▸ **Work instructions**
No picture belongs in the answer, which must hold exactly the lines from the one with "NEW LIMITED EDITION" through the final line below.

▸ **Stored data**
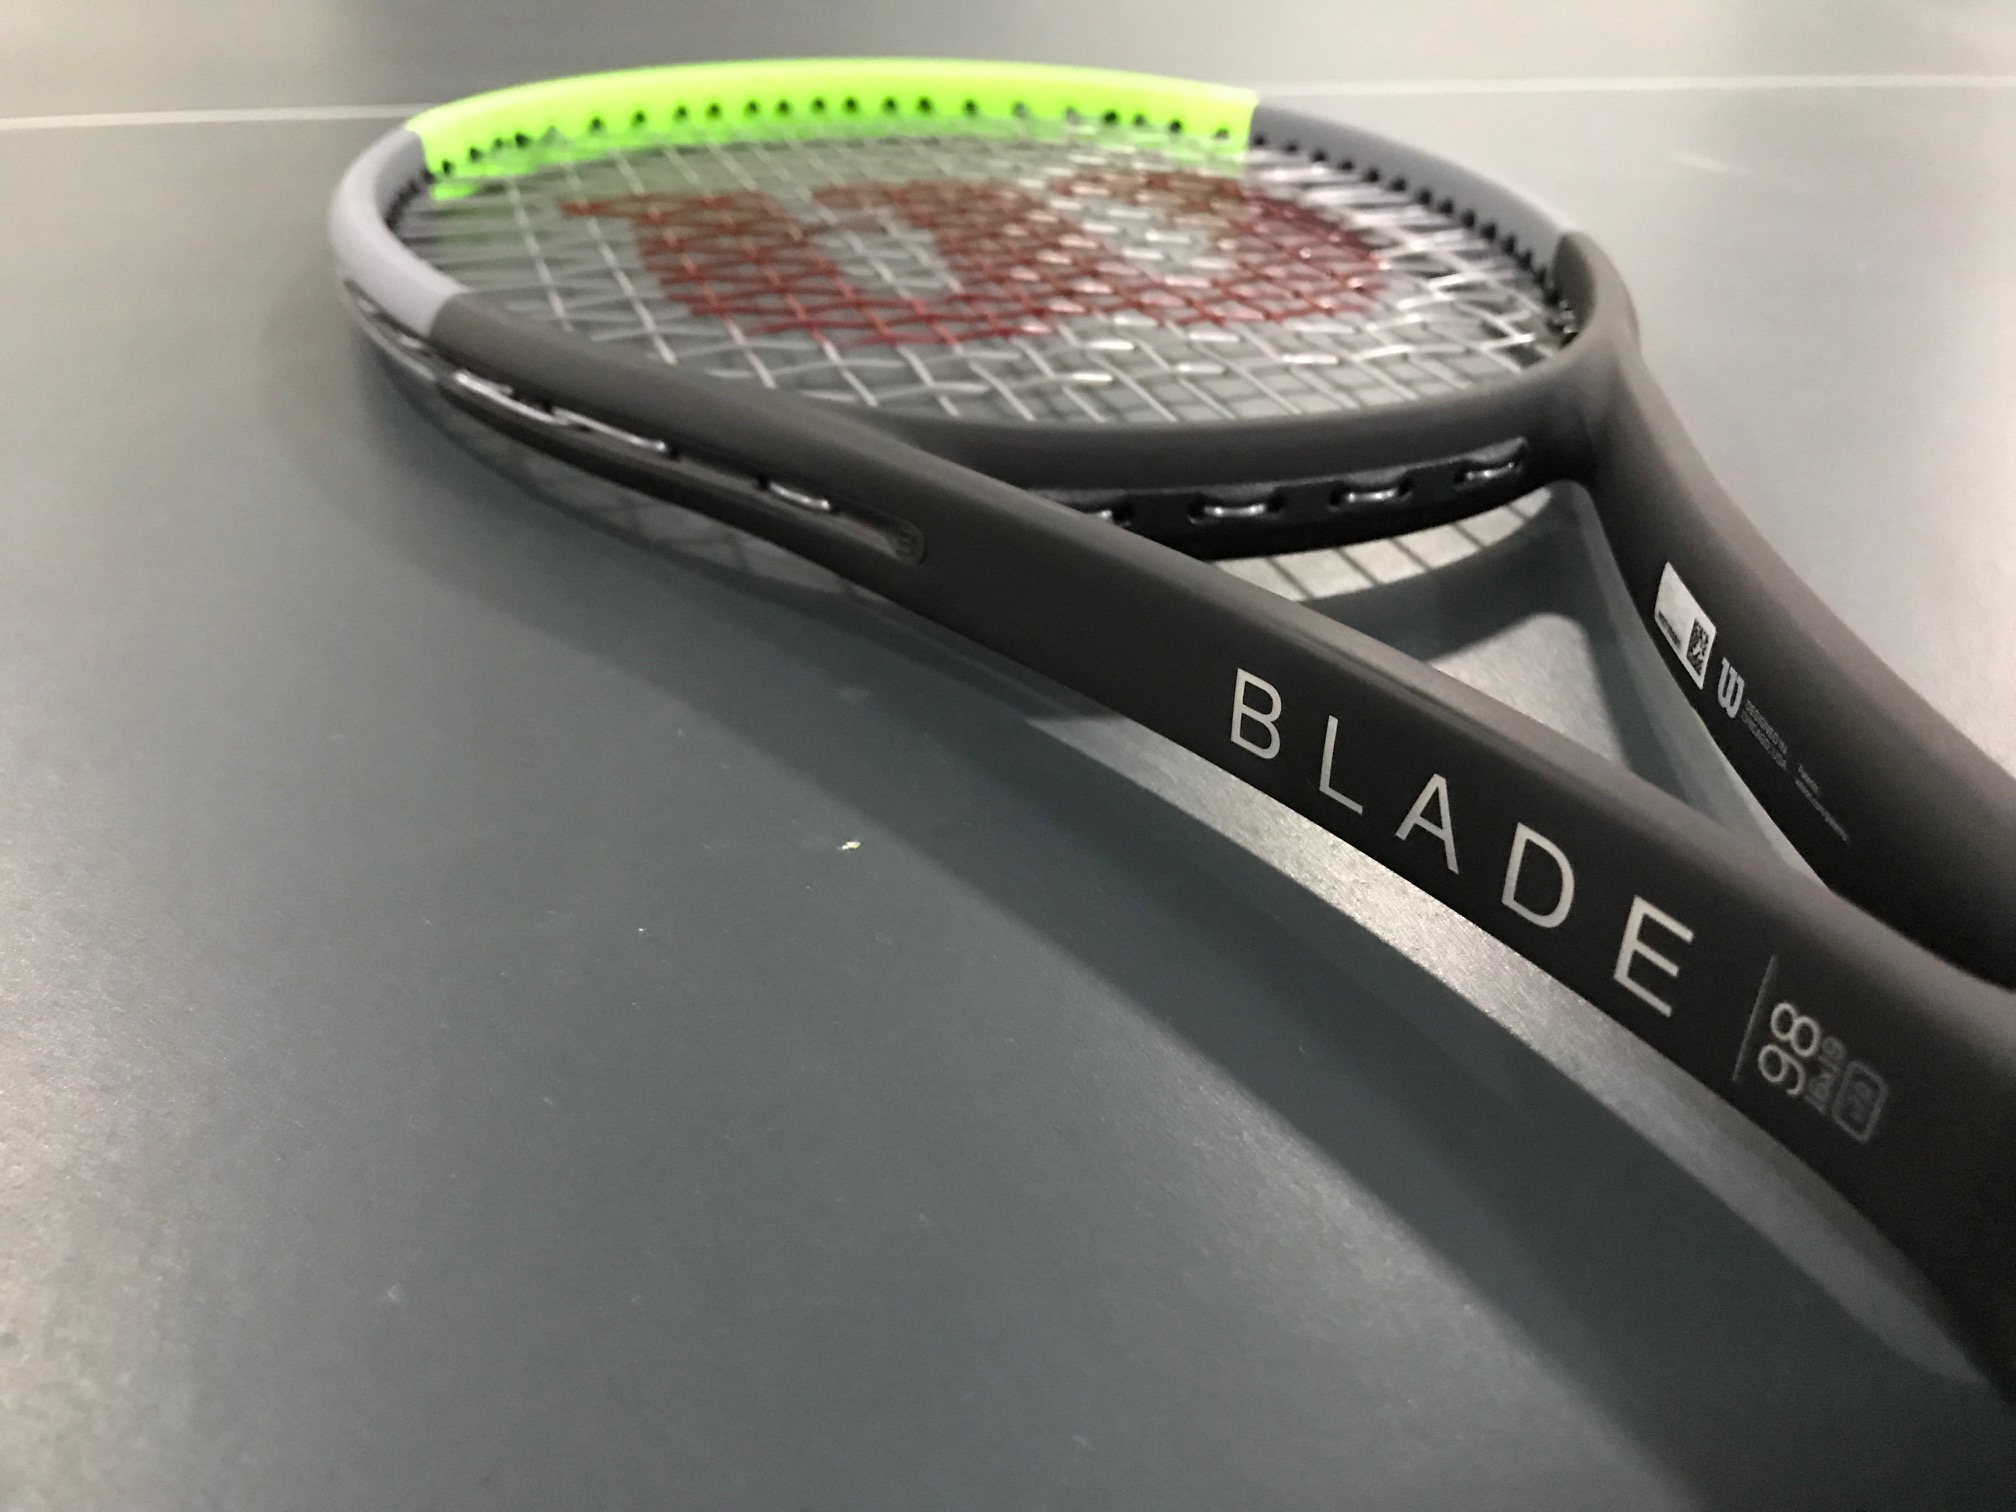 18X20 Details about   NEW BLADE 98 PRO TENNIS RACKET Grip Size: 4 1/8, 1/4, 3/8 1/2" 
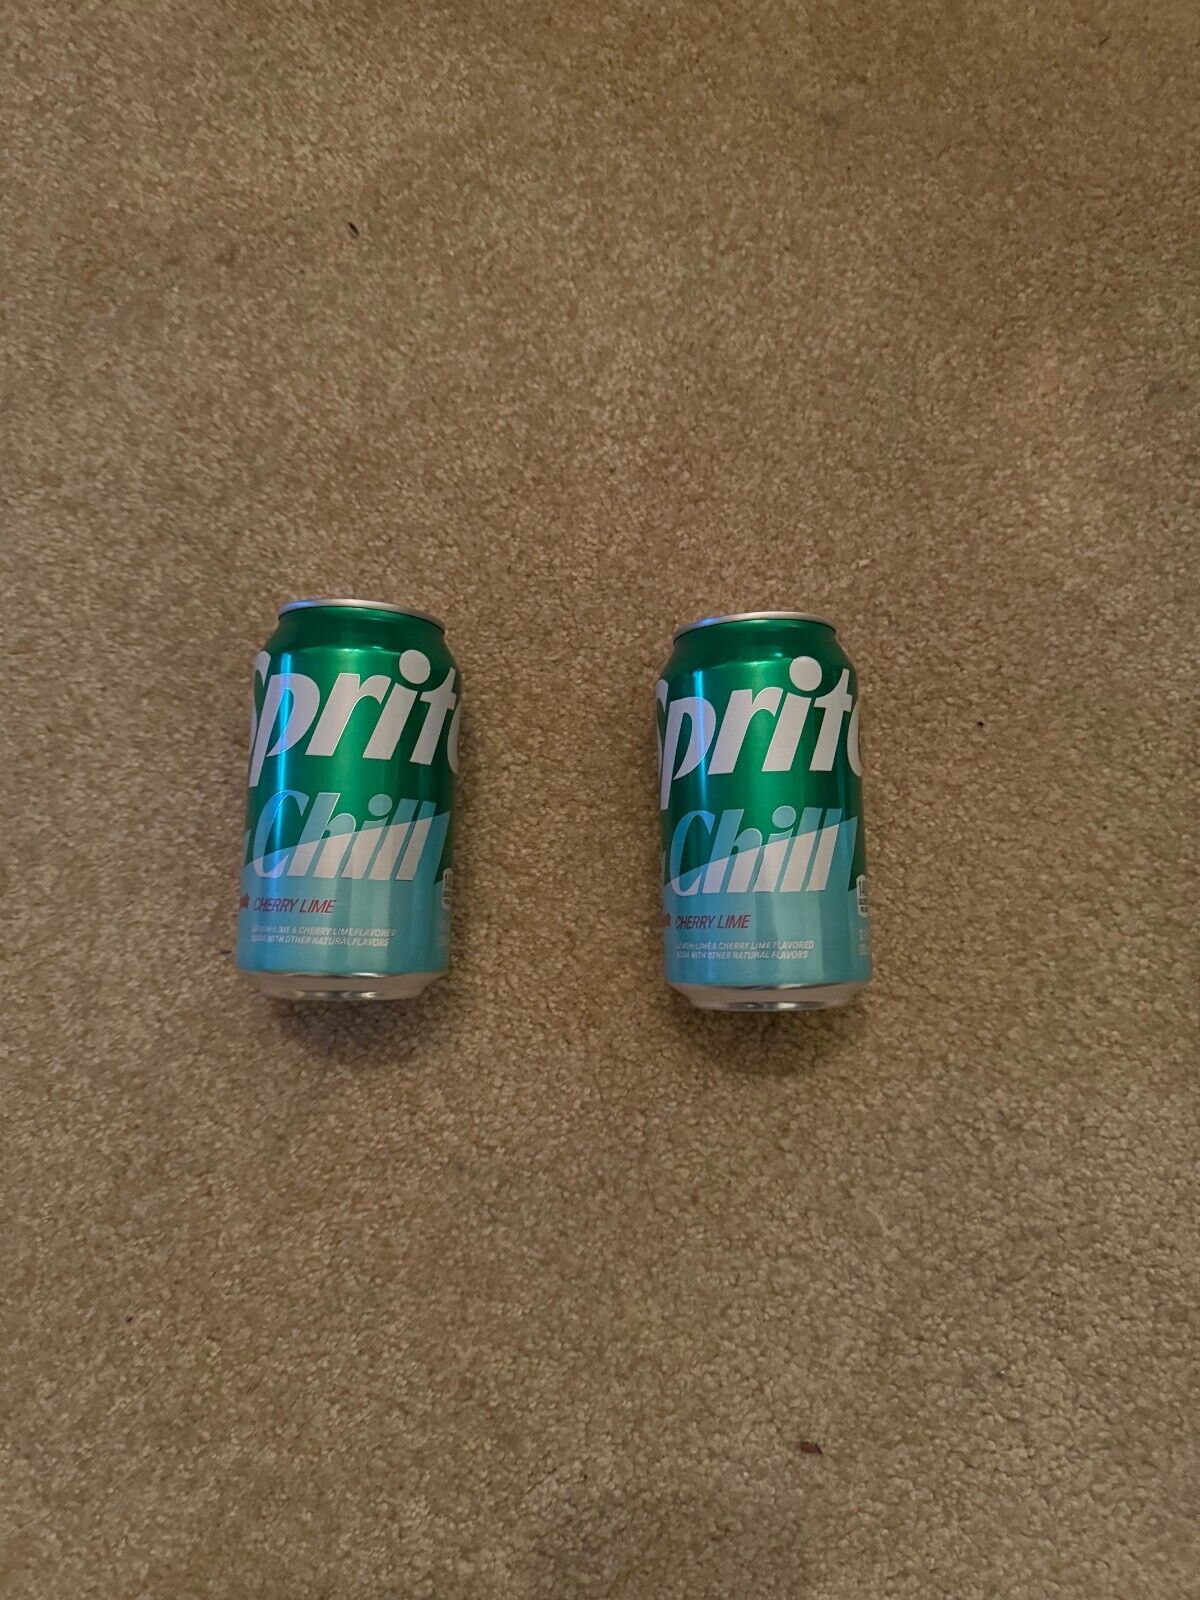 NEW LIMITED EDITION SPRITE CHILL CHERRY LIME FLAVORED SODA 2 FULL 12 OZ CANS
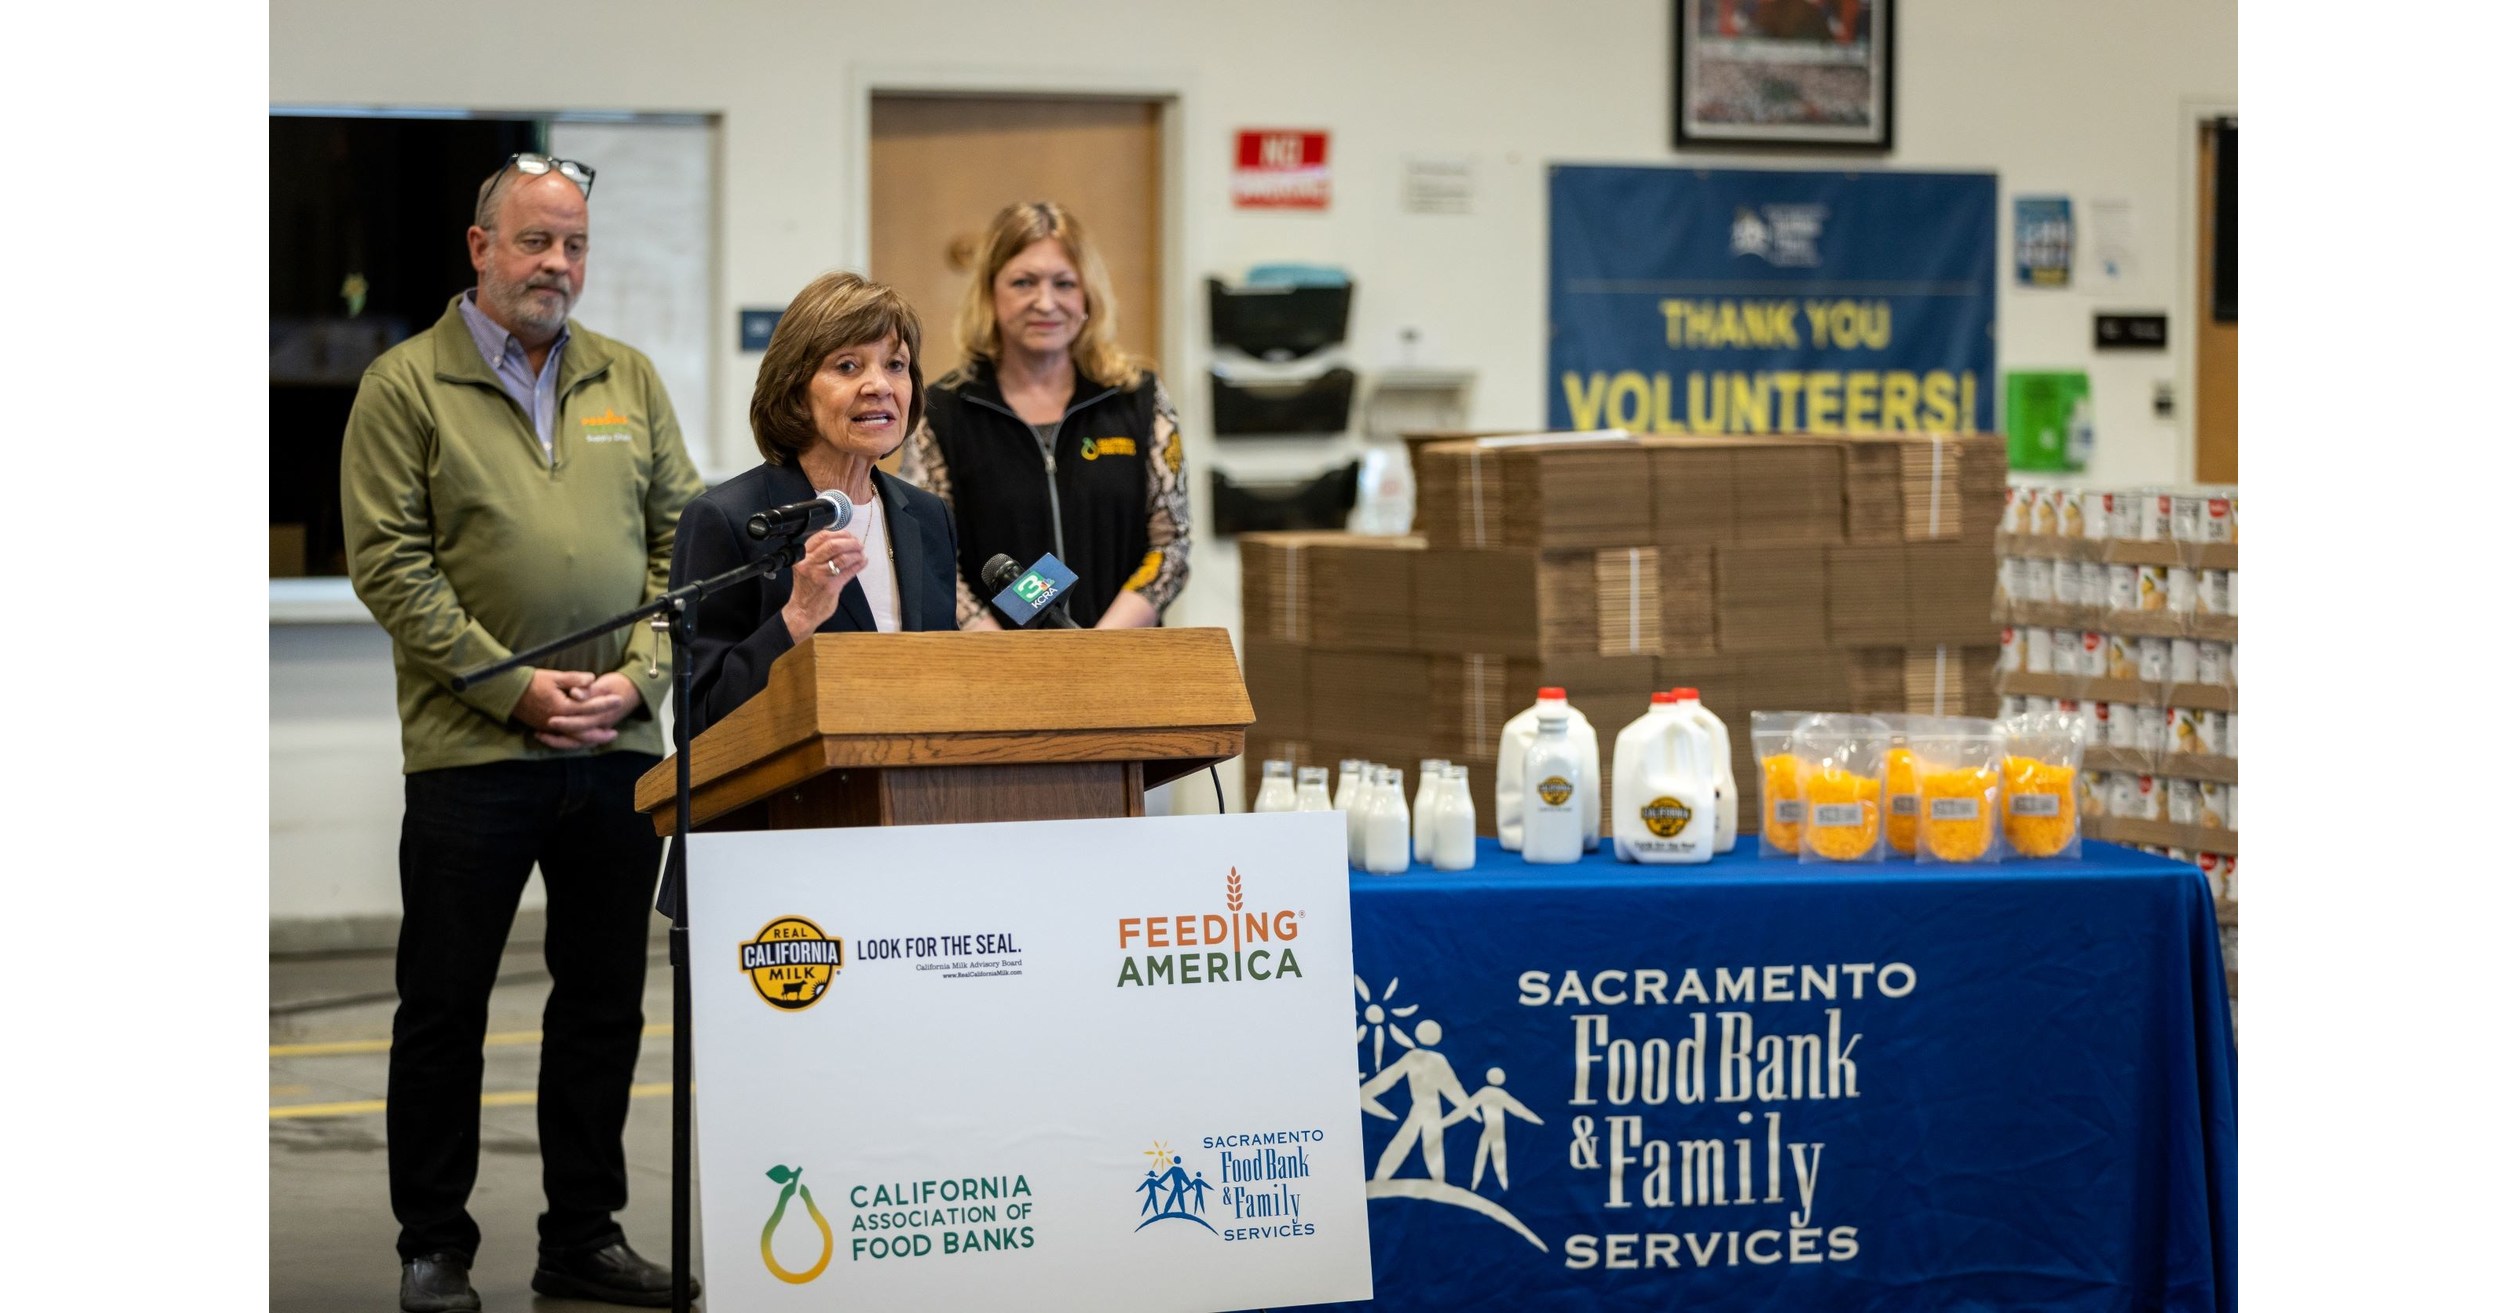 California Dairy Families Partner with Feeding America and the California Association of Food Banks to Shred Hunger with Pilot Project Delivering More Than 190,000 Pounds of Cheese to Feeding Programs Throughout the State

▸ **Answer area**
 NEW LIMITED EDITION SPRITE CHILL CHERRY LIME FLAVORED SODA 2 FULL 12 OZ CANS
 California Dairy Families Partner with Feeding America and the California Association of Food Banks to Shred Hunger with Pilot Project Delivering More Than 190,000 Pounds of Cheese to Feeding Programs Throughout the State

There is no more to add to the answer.